I'm now working with dataset about anime. And I'm not sure how to describe what I want.. Just look, i got pd.series off all genres from dataset. And now i want to compare every genre with rating and maybe find some correlations. I mean, make a group for all titles with genre 'Comedy' for example and find it's mean rating, then compare it to the next group and so on. The problem that in the dataset every single title has more then one genre (that's why i converted it to Series via get_dummies). And now i don't know what i have to do to reach ma goal, maybe you can suggest something to me?
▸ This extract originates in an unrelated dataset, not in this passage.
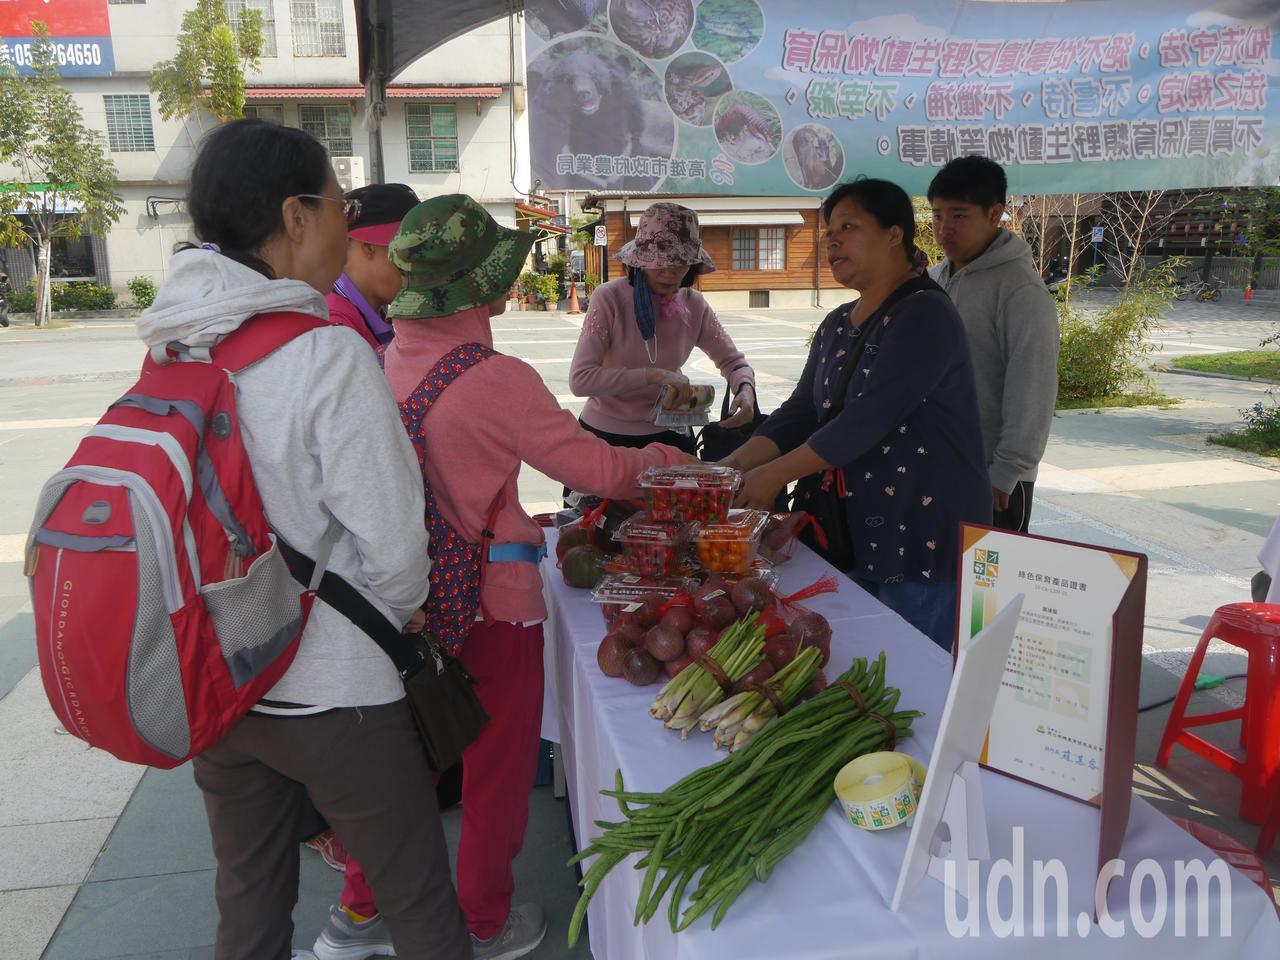 友善耕作的農民展售農產品,推廣綠色保育理念。記者徐白櫻/攝影

CodePudding user response:
A first step to begin is to explode
your column Genre
like this:
df = df.assign(Genre=df['Genre'].str.split(',')).explode('Genre')
print(df)
# Output
Anime Genre
0 Death Note Mystery
0 Death Note Supernatural
0 Death Note Suspense
1 Shingeki no Kyojin Action
1 Shingeki no Kyojin Drama
1 Shingeki no Kyojin Fantasy
1 Shingeki no Kyojin Mystery
Setup a MRE:
data = {'Anime': ['Death Note', 'Shingeki no Kyojin'],
'Genre': ['Mystery,Supernatural,Suspense', 'Action,Drama,Fantasy,Mystery']}
df = pd.DataFrame(data)
print(df)
# Output
Anime Genre
0 Death Note Mystery,Supernatural,Suspense
1 Shingeki no Kyojin Action,Drama,Fantasy,Mystery